_Material shown_
______________________________
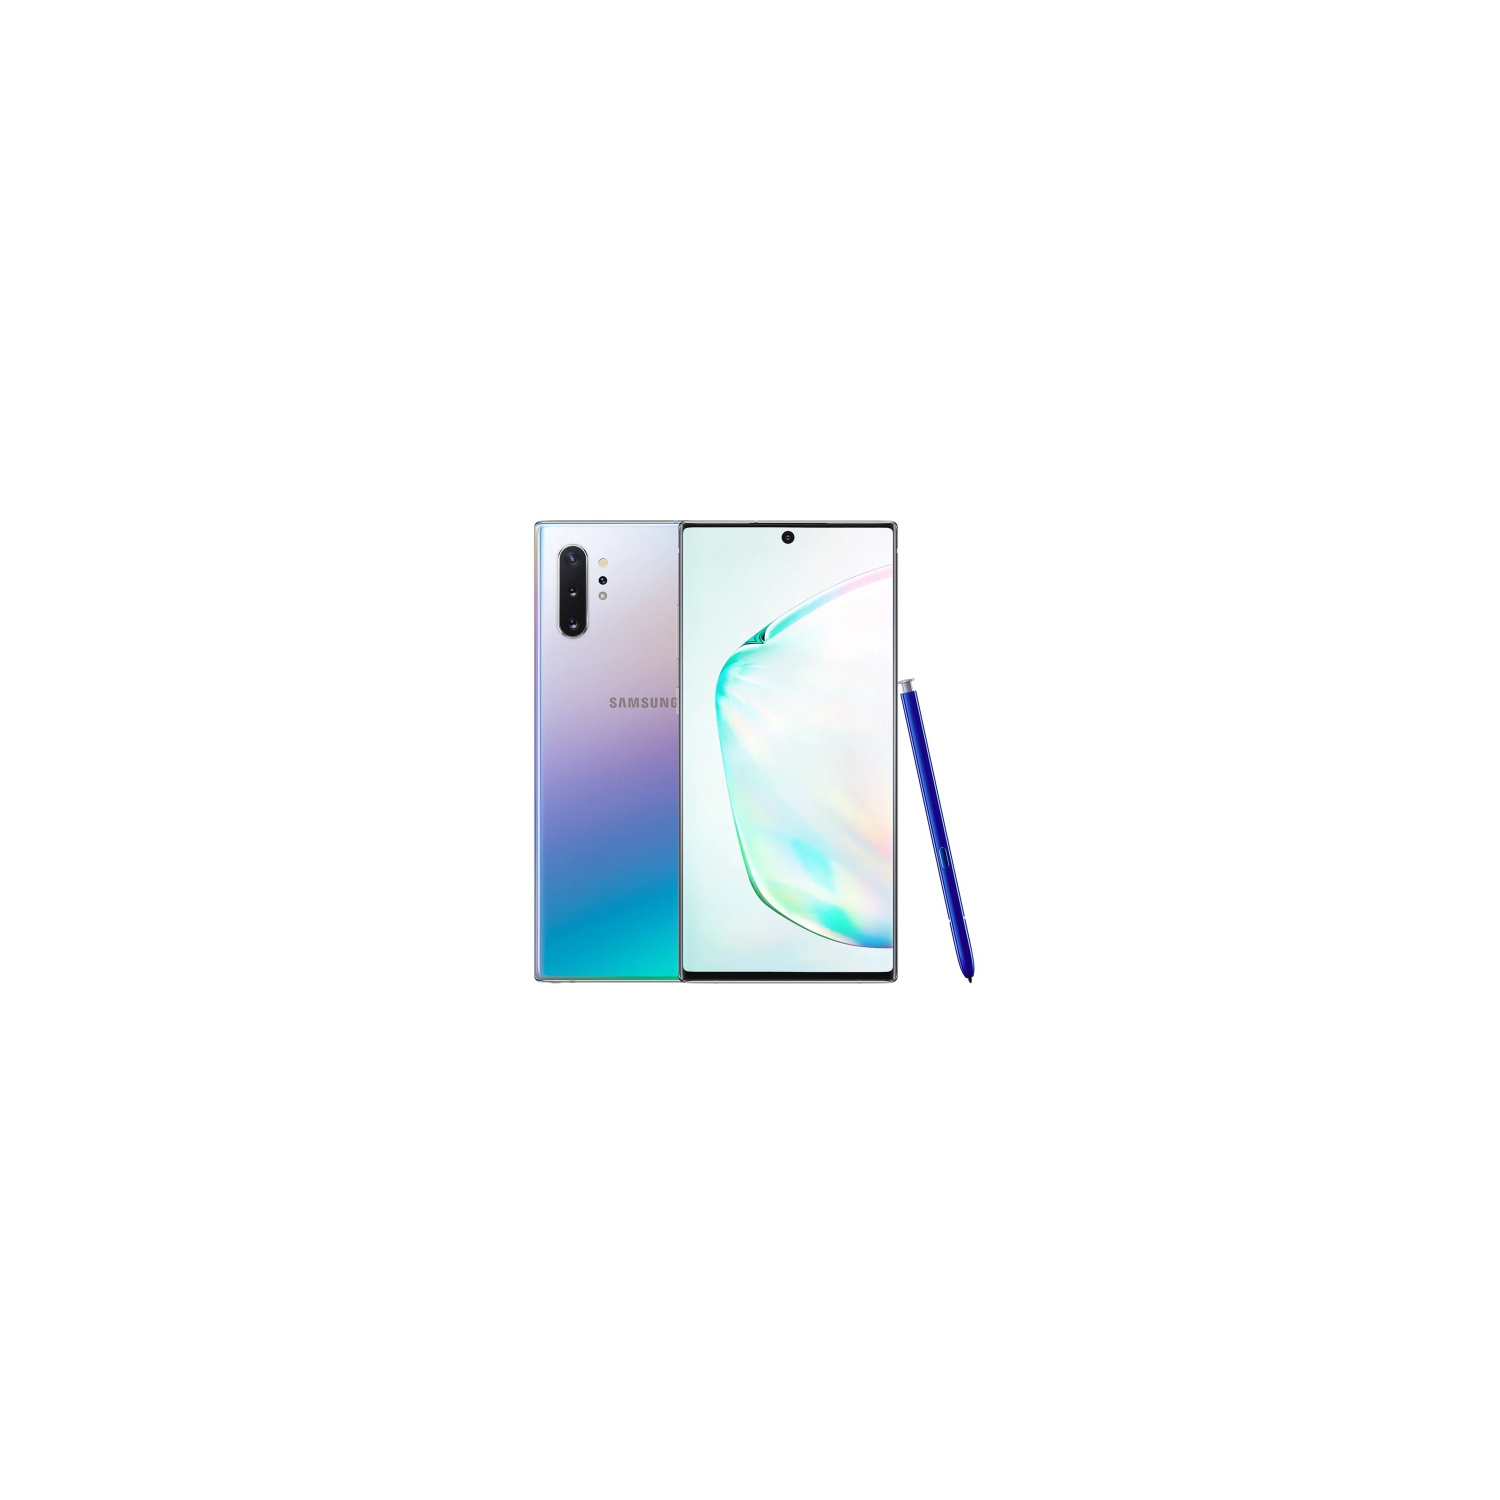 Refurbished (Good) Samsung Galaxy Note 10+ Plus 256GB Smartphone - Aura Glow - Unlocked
______________________________
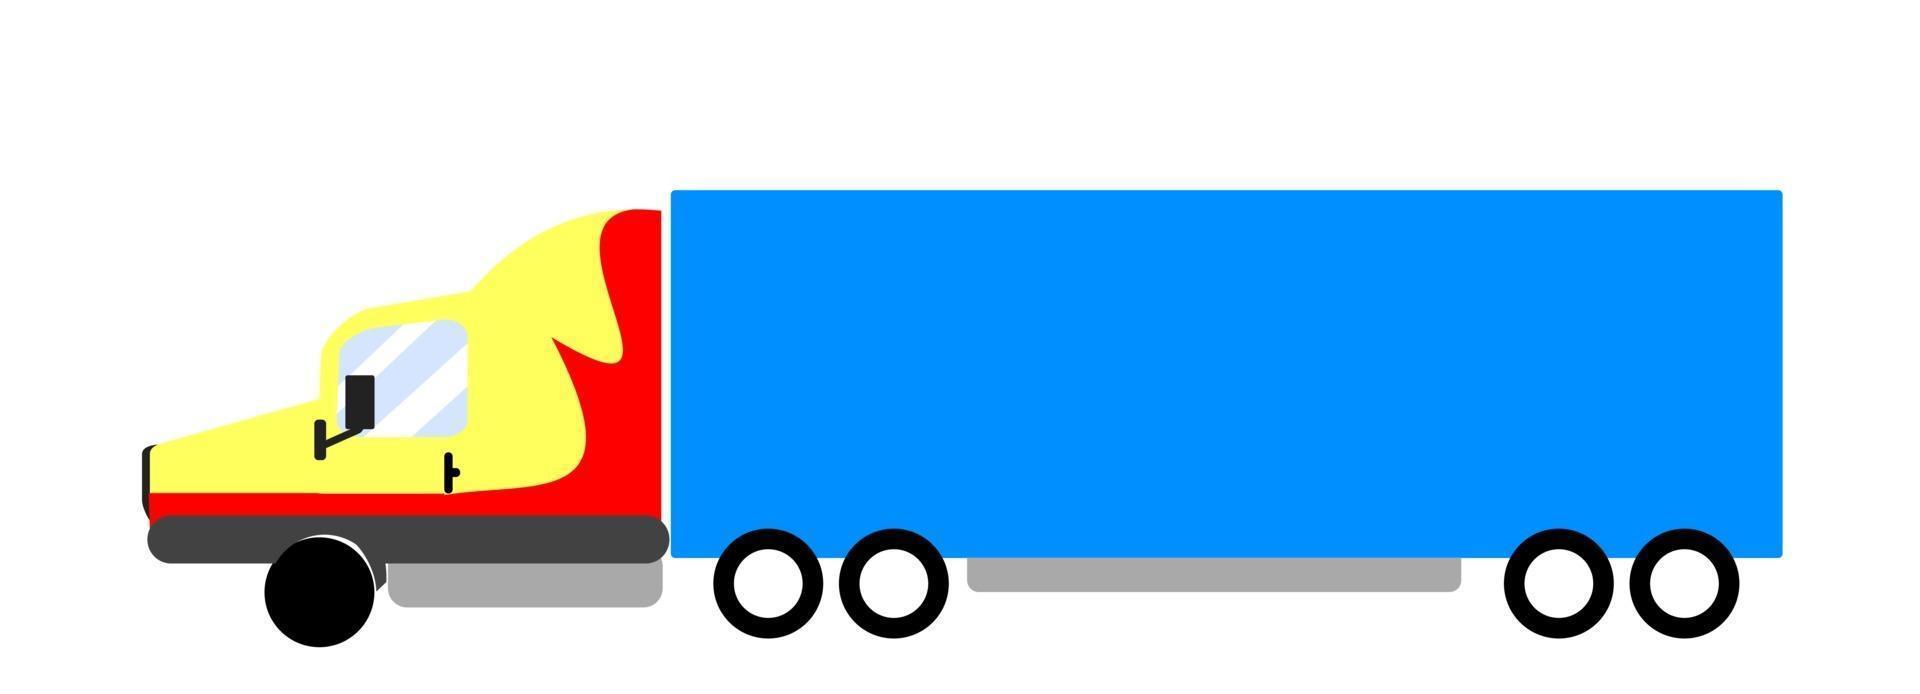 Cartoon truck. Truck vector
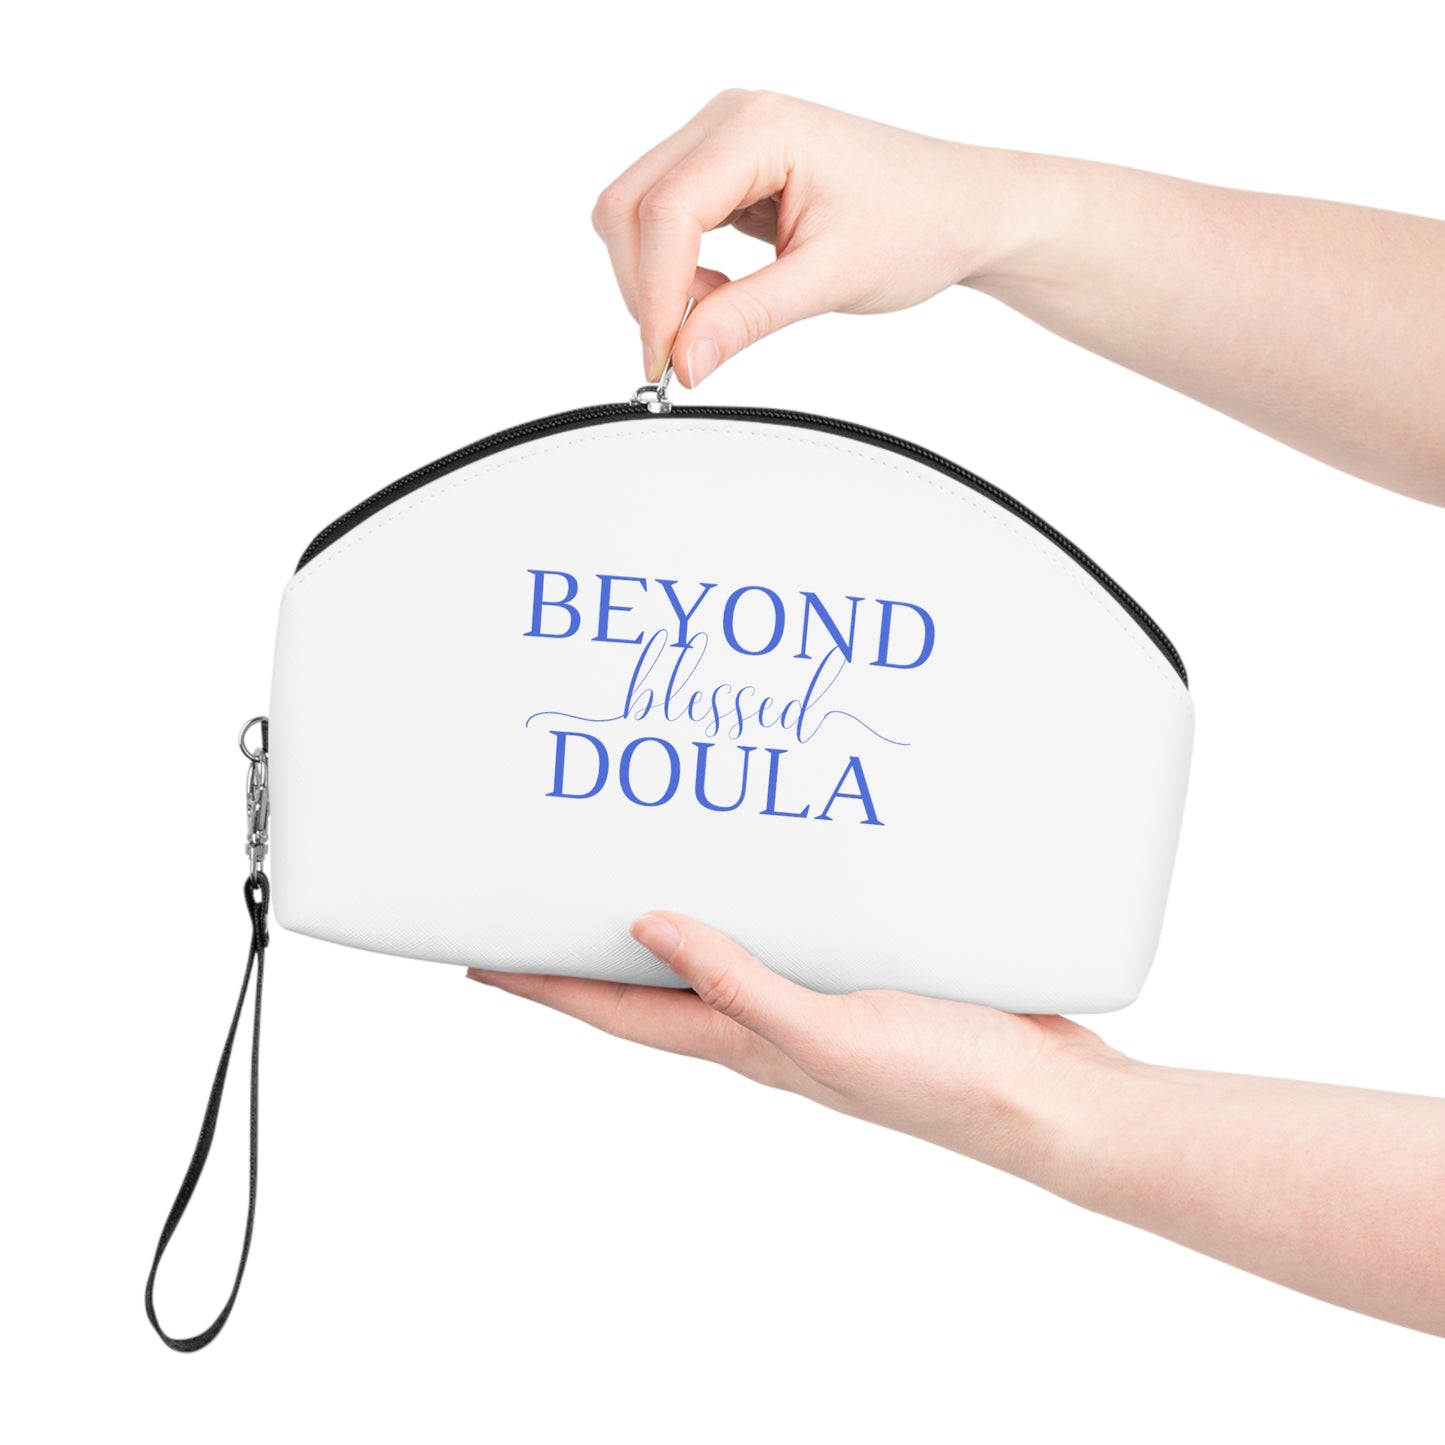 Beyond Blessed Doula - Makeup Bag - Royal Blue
______________________________
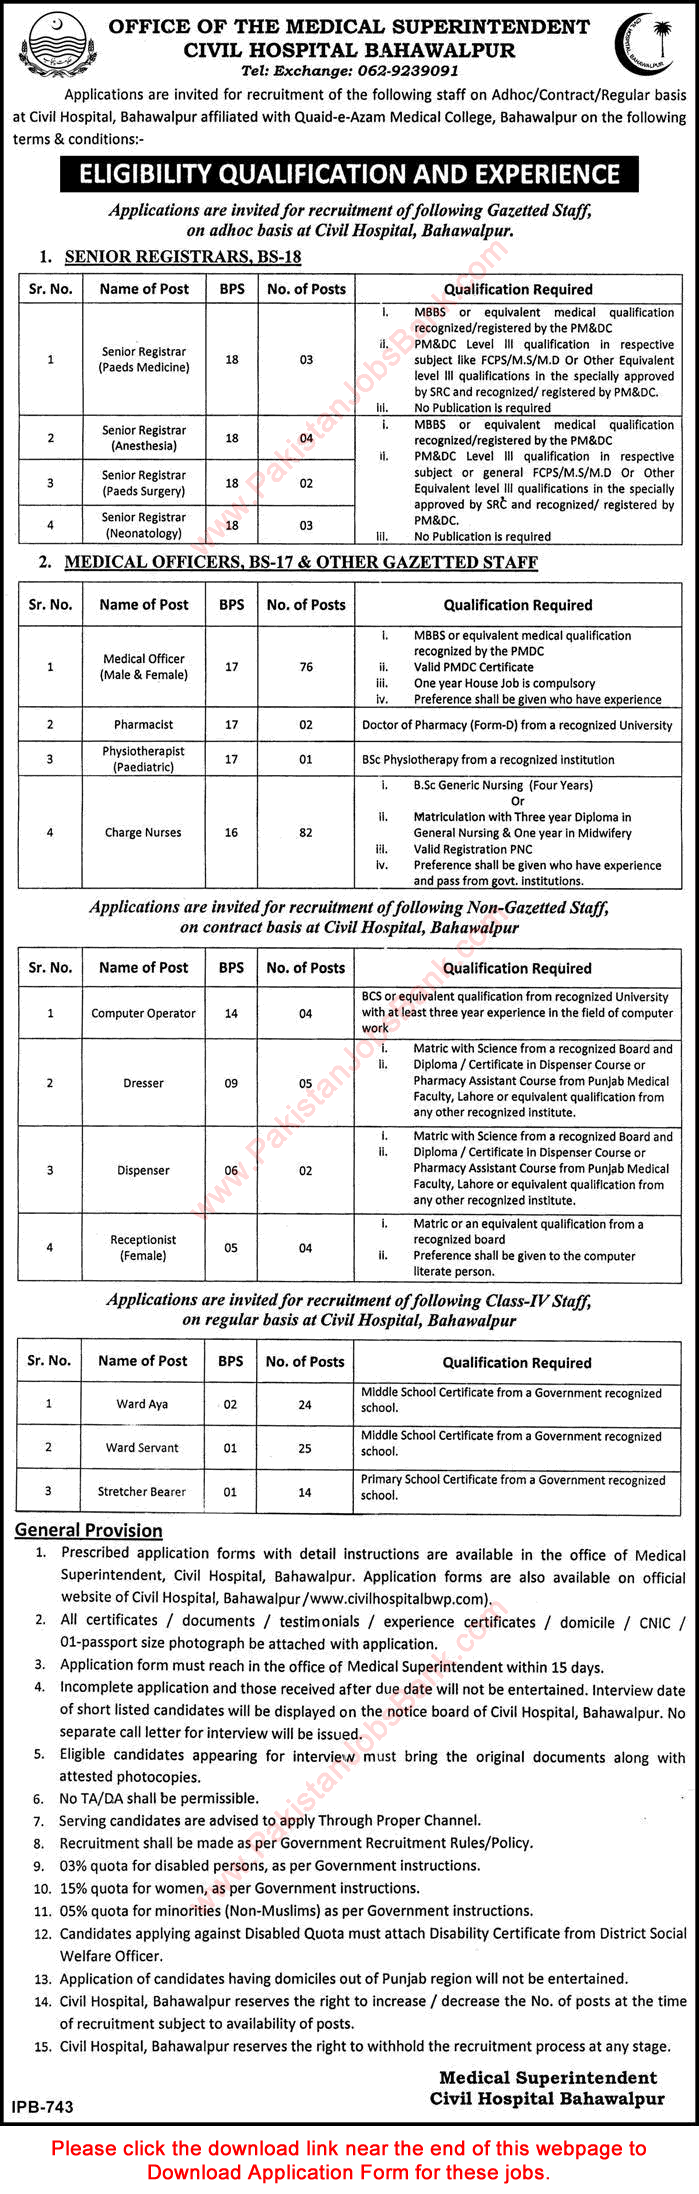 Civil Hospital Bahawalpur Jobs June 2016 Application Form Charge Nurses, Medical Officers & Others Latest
______________________________
_Task requirements_
From the records above, quote word for word only the lines beginning at the line that has "Cartoon truck. Truck vector" and stopping after the line that has "Beyond Blessed Doula". Omit the pictures.

_Solution to this task_
 Cartoon truck. Truck vector
 Beyond Blessed Doula - Makeup Bag - Royal Blue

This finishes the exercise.